While reading “Remote”, I accidentally found this TEDx talk by one of the authors, Jason Fried. Somehow I’d missed this when it first came out in 2010, so stopped to watch it. I’ve now watched this a few times in a row, found it just as relevant today as it was 4-5 years ago, so am writing this blogpost.
The main highlights for me were:
1) work, like sleep, needs solid uninterrupted time. However, most offices are designed to enable interrupts. Open plan layouts. Phones. Casual walk-by interrupts from managers asking for status. Unneeded meetings. They are not designed for uninterrupted focus time. No-one would intentionally plan to have frequently-interrupted-sleep every night and consider it “good”, so why set up our work environments like this?
2) Many people go into the office for the day, attempting to get a few hours uninterrupted work done, only to spend time reacting to interrupts all day, and then lament at the end of the day that “they didn’t get anything done”! Been there, lived through that. As a manager, he extols people to try things like “no-talking-Thursdays”, just to see if people can actually be more productive.
3) The “where do you go when you really want to get work done” part of his presentation nailed it for me. He’s been asking people this question for years, and the answers tend to fall into three categories:
- place: “the kitchen”, “the spare room”, “the coffee shop”, …
- moving object: plane, train, car… the commute
- time: “somewhere really early or really late at night or on the weekend”
… and he noted that no-one said “the office during office hours”!! The common theme is that people use locations where they can focus, knowing they will not get interrupted. When I need to focus, I know this is true for me also.
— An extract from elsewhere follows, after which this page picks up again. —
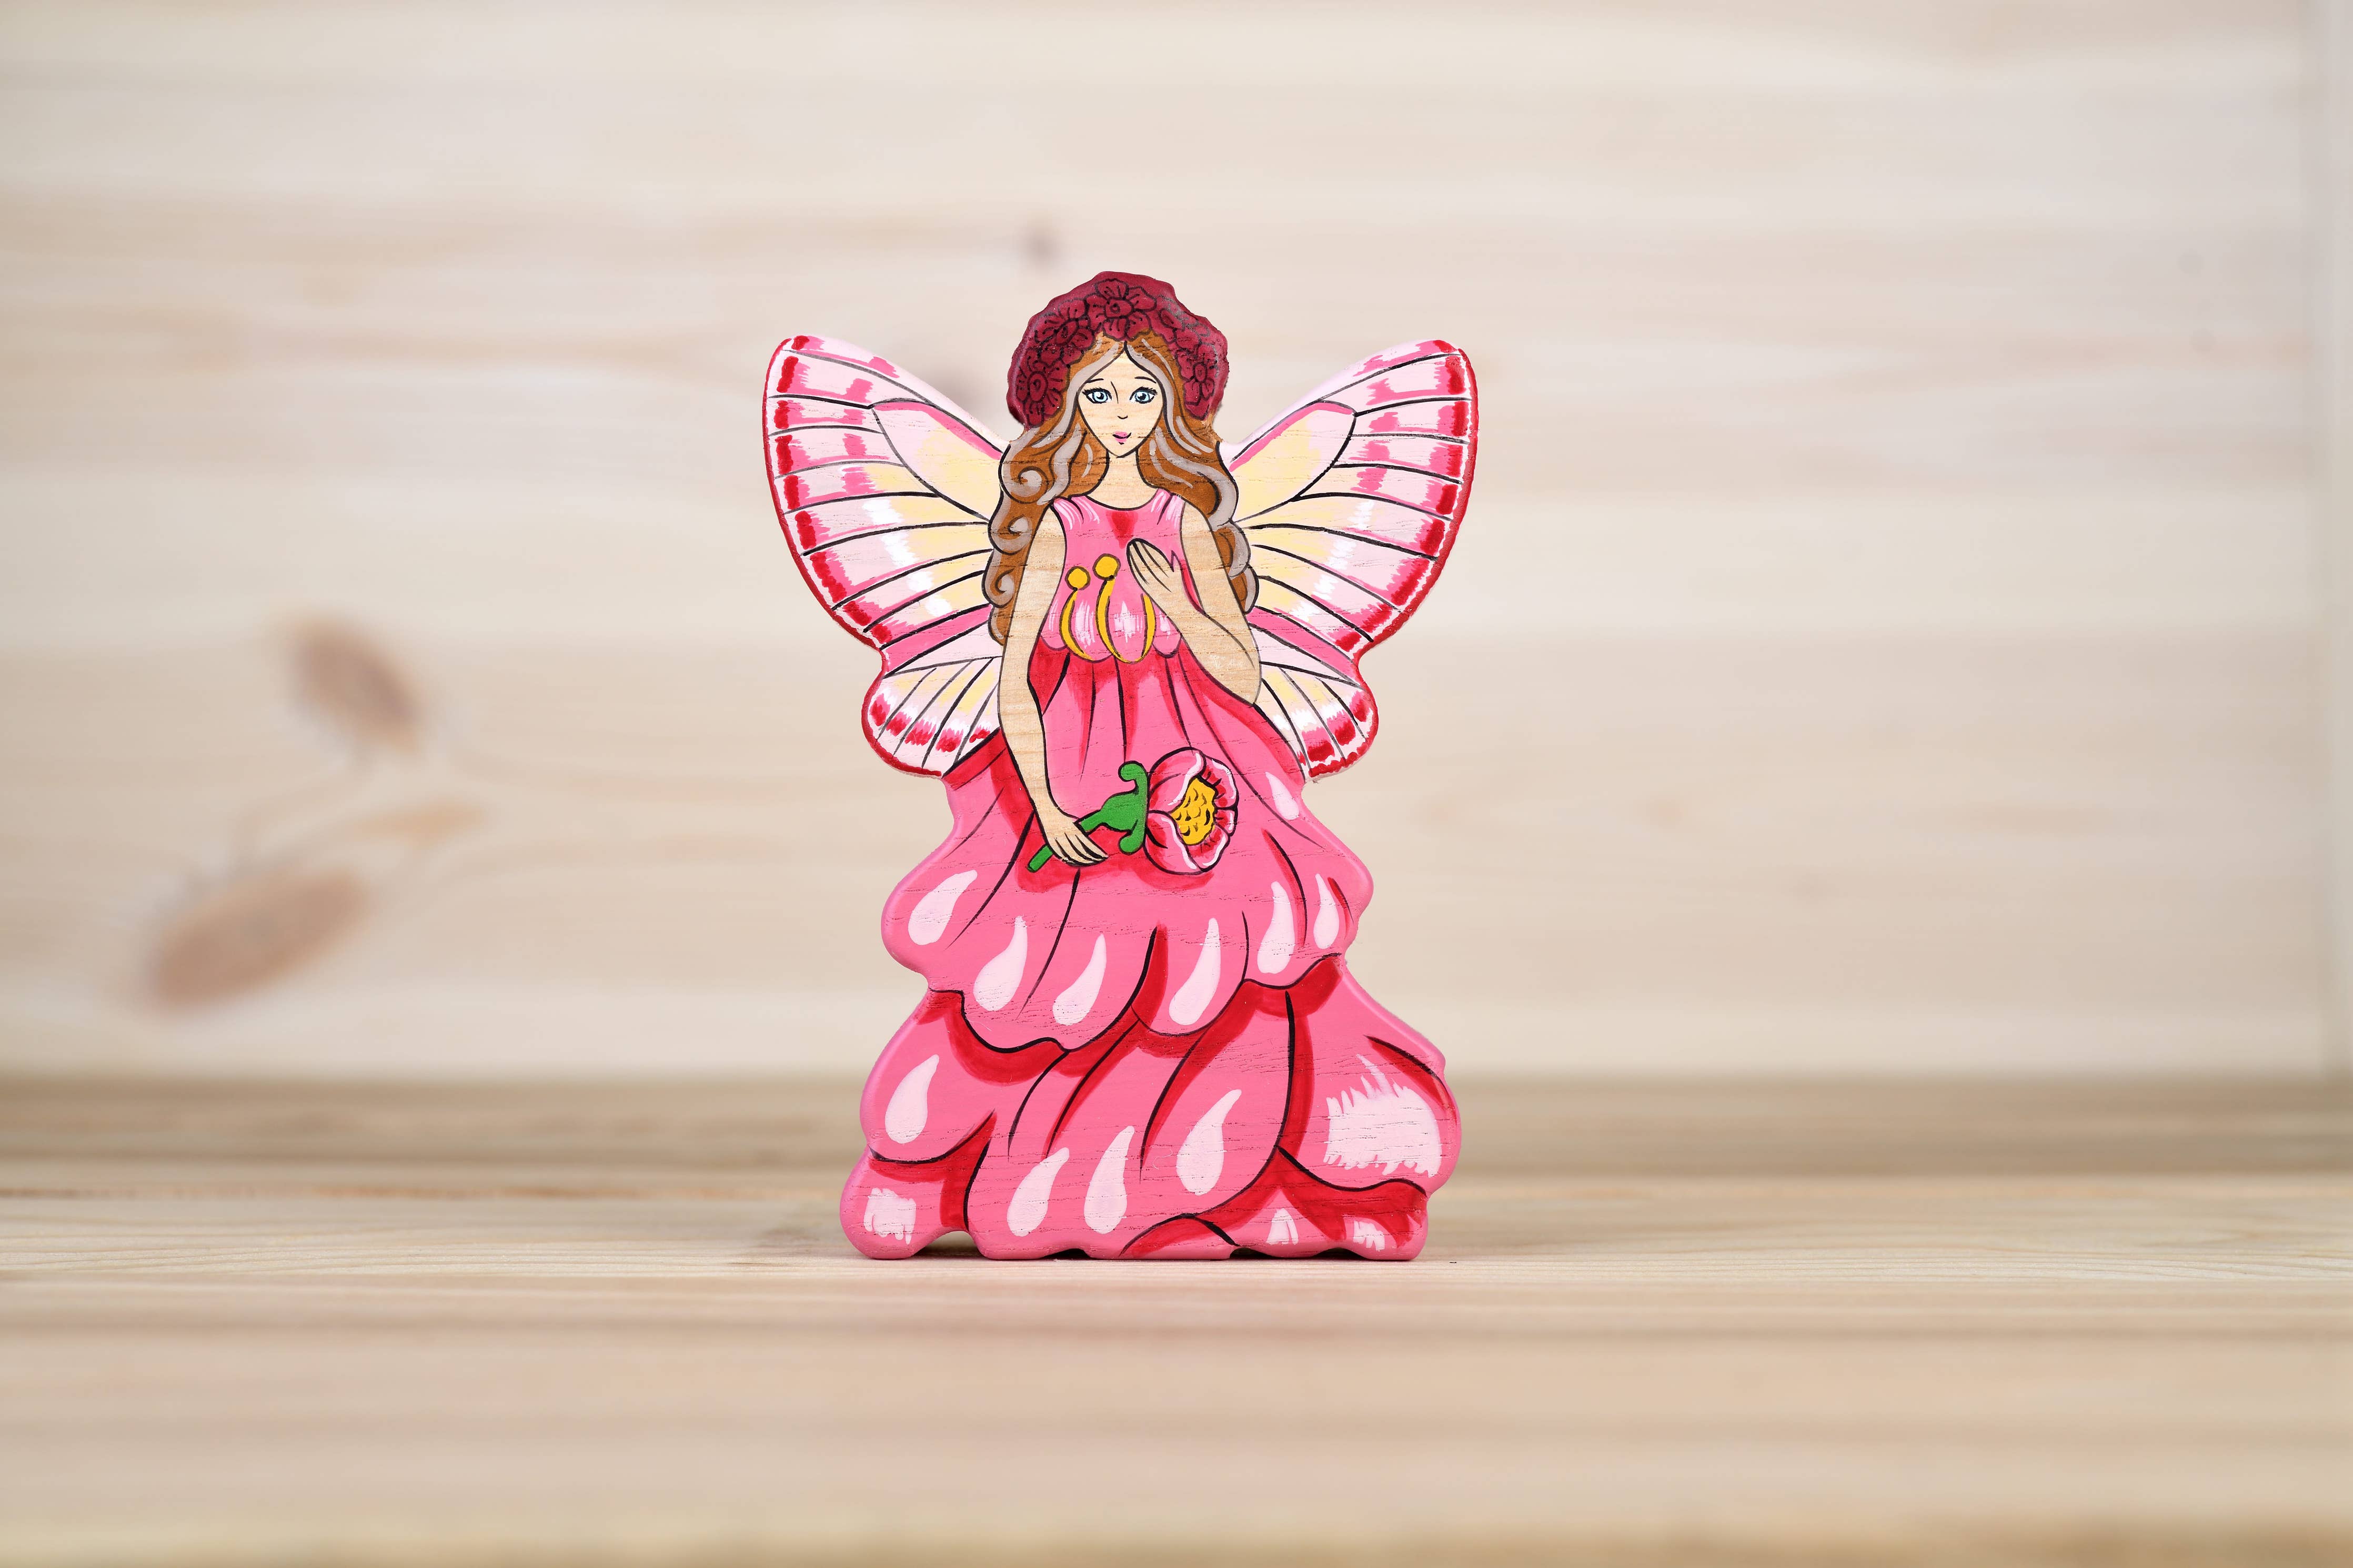 Wooden Big Fairy figurine legendary creature

All of which leads to his premise that organizing how people work together, with most communication done in a less interruptive way is really important for productivity. Anyone who has been at one of my remoties sessions knows I strongly believe this is true – especially for remoties! He also asked why businesses spend so much money on these counter-productive offices.
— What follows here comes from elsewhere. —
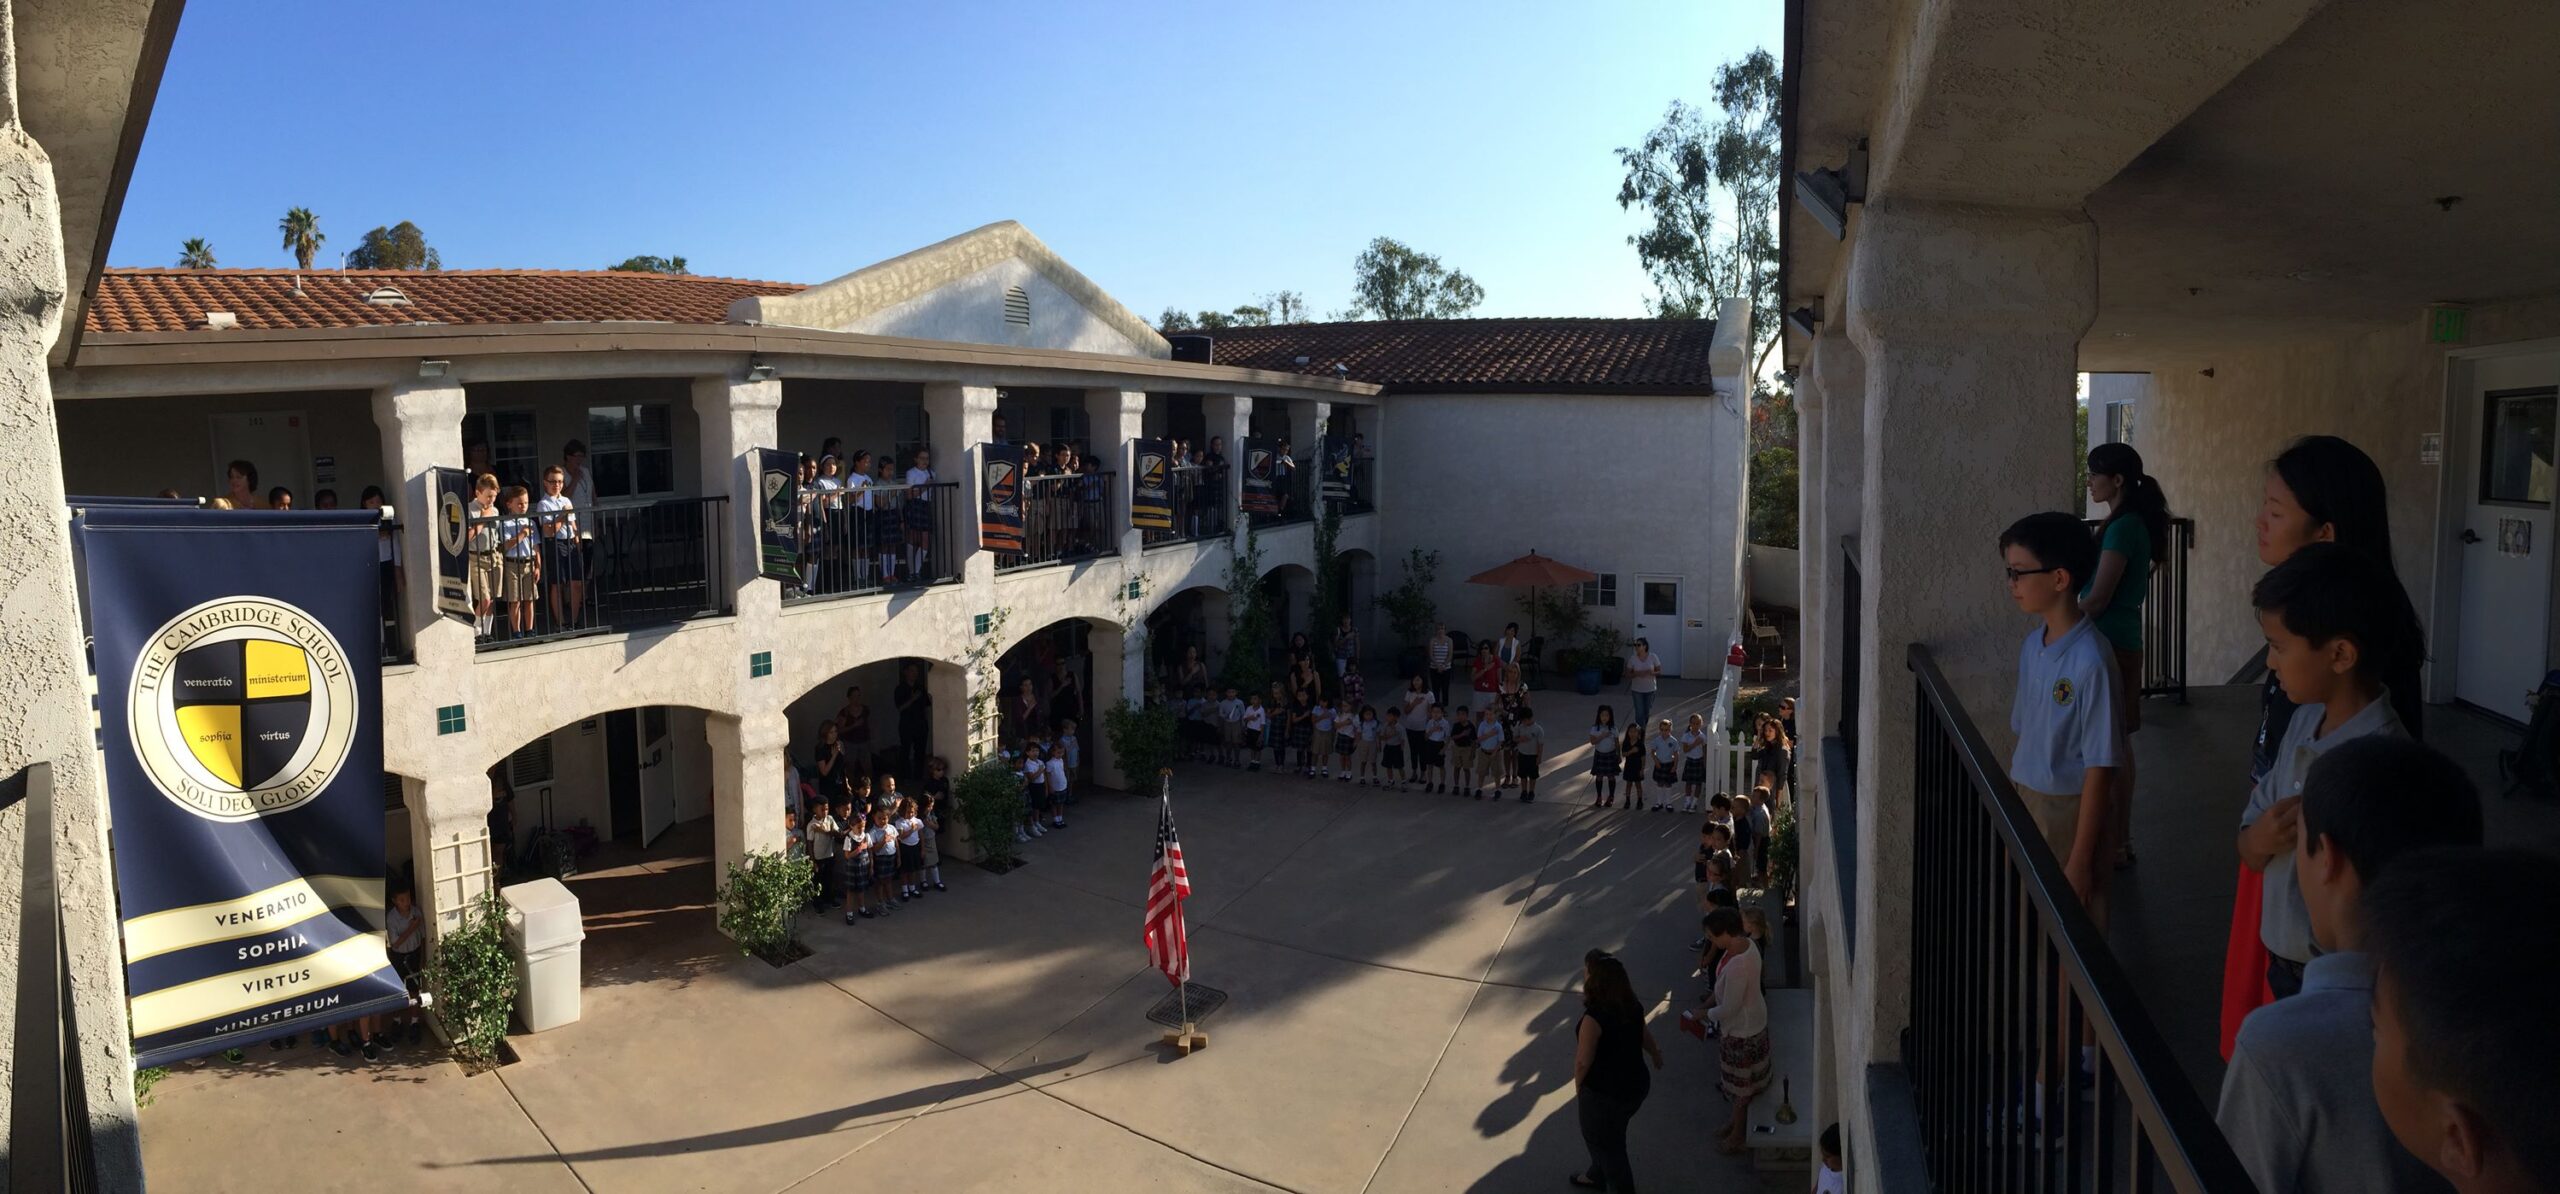 The Cambridge School – San Diego

Aside: I found his “Facebook and twitter are the modern day smoke breaks” comment quite funny! Maybe thats just my sense of humor. Overall, its a short 15min talk, so instead of your next “facebook/twitter/smokebreak”, grab a coffee and watch this. You’ll be glad you did.
3 thoughts on ““why work doesnt happen at work” by Jason Fried on TEDx”
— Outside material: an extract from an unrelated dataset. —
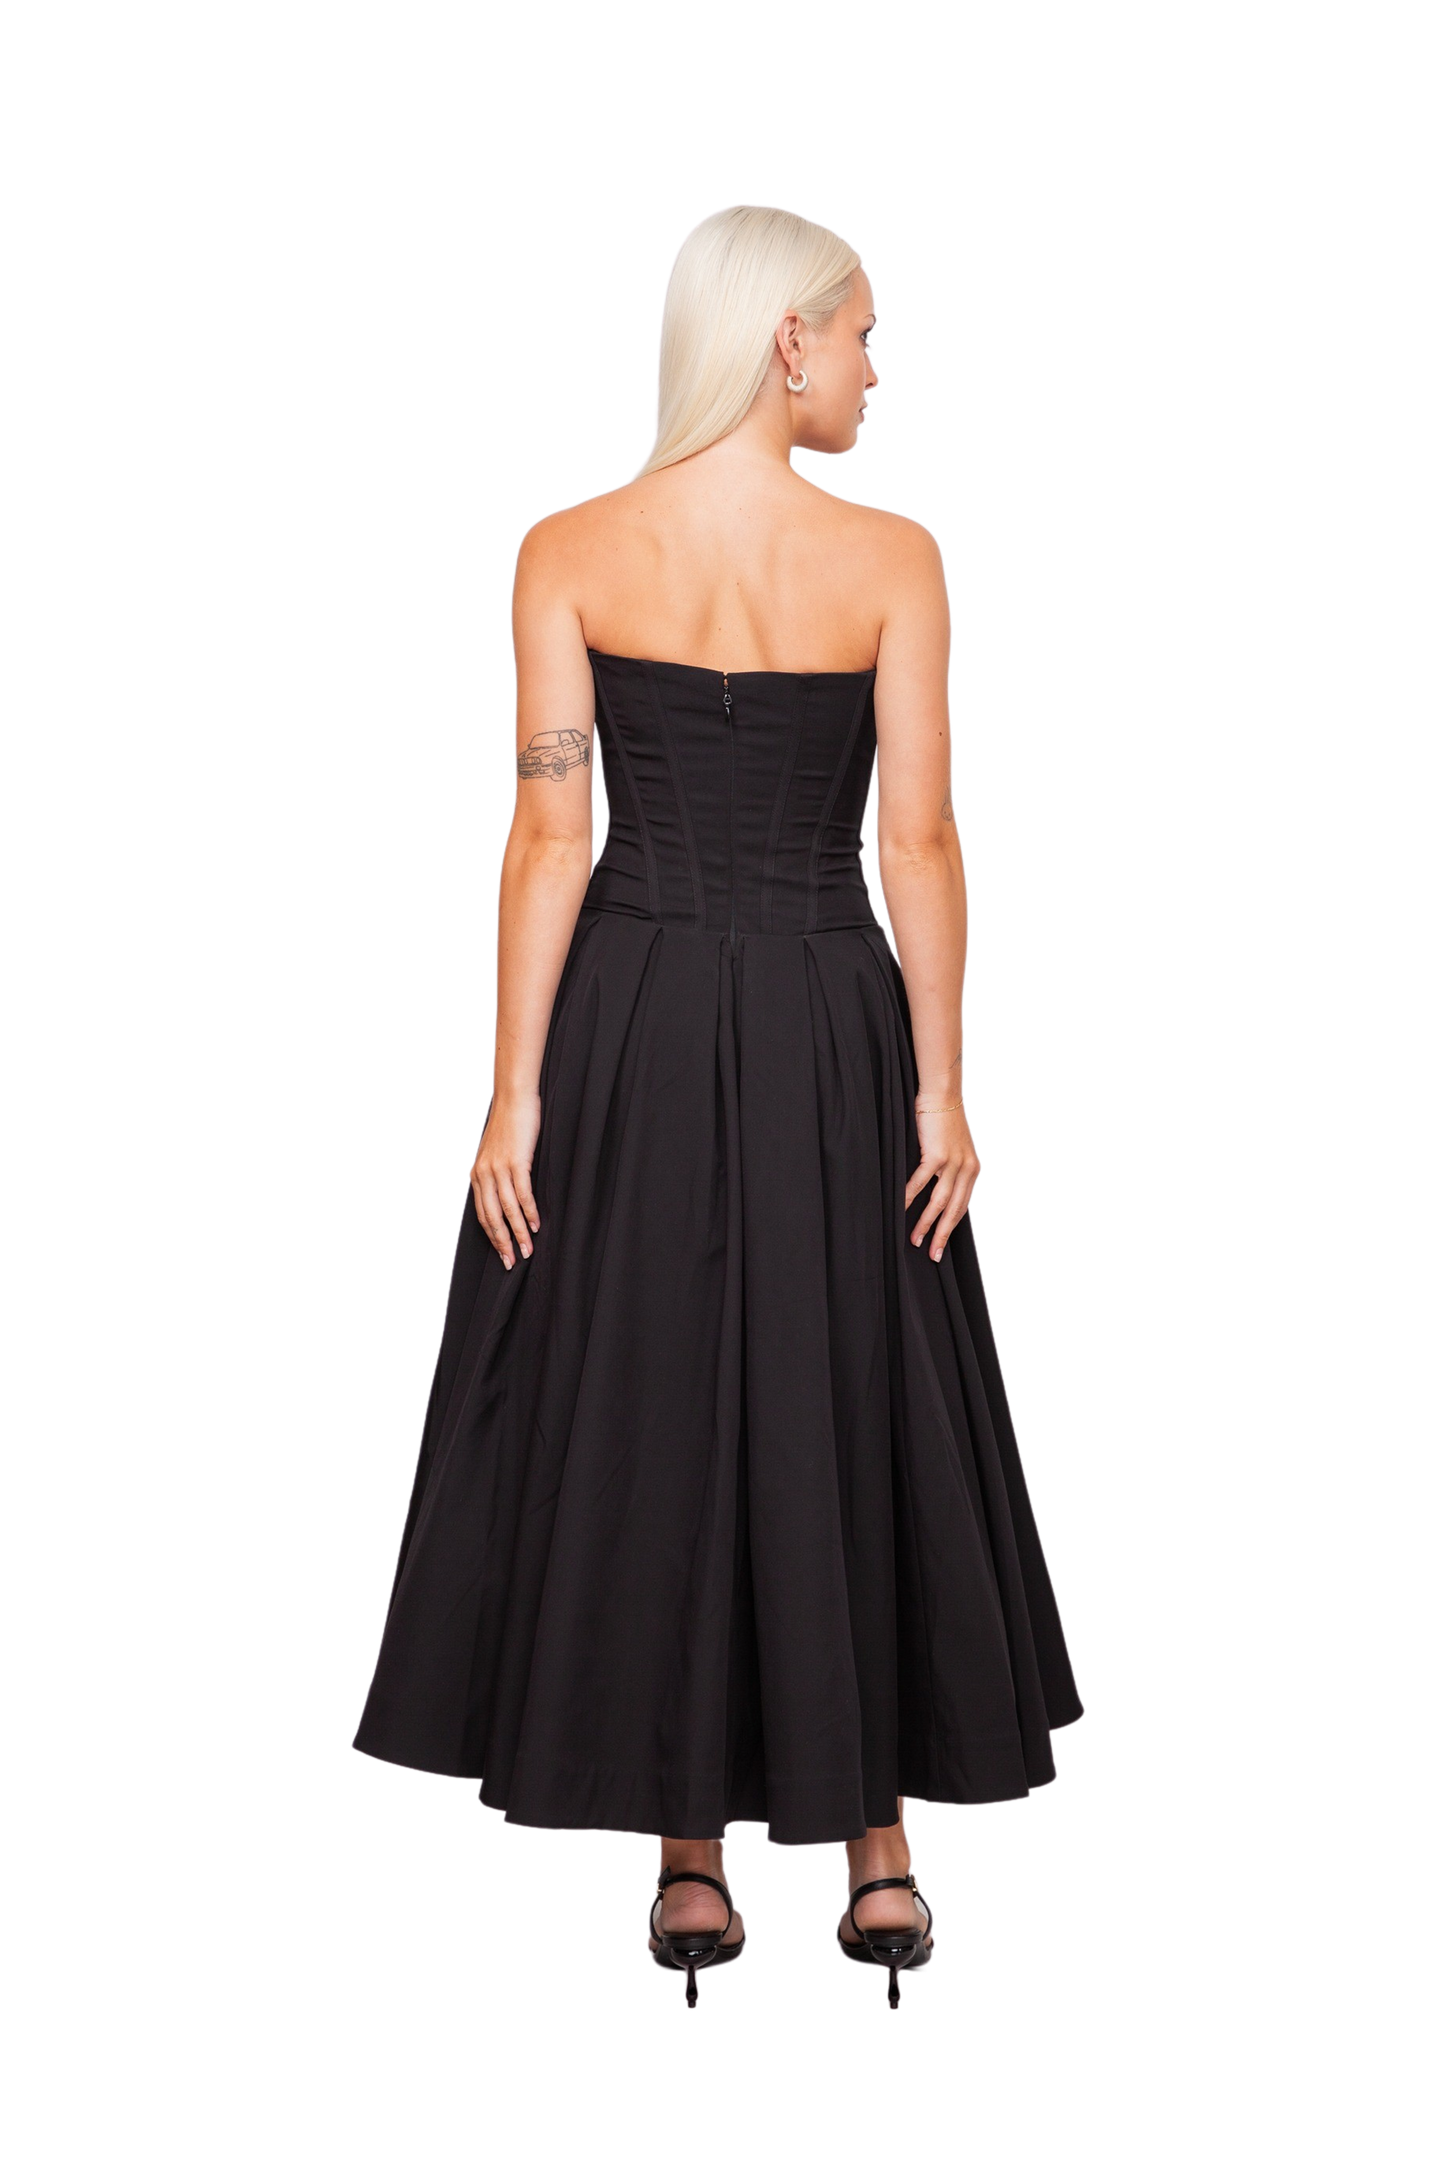 Lady Black Dress

I don’t know. I get what you’re saying, but while uninterrupted focus is good for productivity, it’s not the only thing that’s important.
I work in an open-plan environment, and I’d hate to not do so – an important part of my job is simply knowing what’s going on around the office, hearing the conversations, knowing that XYZ is working on ABC. True, I’d get more work done working without distractions – but then, I’d also be spending more time duplicating work done by other people, not knowing that they’d spent several days on a similar problem two weeks earlier, or that they’d been playing with some new library or framework that I might find useful.
In short, I think that while an open-plan office (and more generally, a disruption-filled environment) can be bad for individual productivity, a lot of that is balanced by gains in collective productivity… that what you call distractions, I regard as valuable communication… awareness of when I can assist others, and others can assist me. You don’t get that sitting in a room behind a closed door.
This site shows a “403 forbidden” error when i try to open it normally.
If i use a US based proxy, I can open the site.
Is there some sort of geographic ban? (Im from india)
I’m not aware of any geographic ban, on either my oduinn.com site, or on the linked video on ted.com. If you are hitting problems accessing my oduinn.com site, let me know your IP address and approx times of connection and I’ll do some investigating here.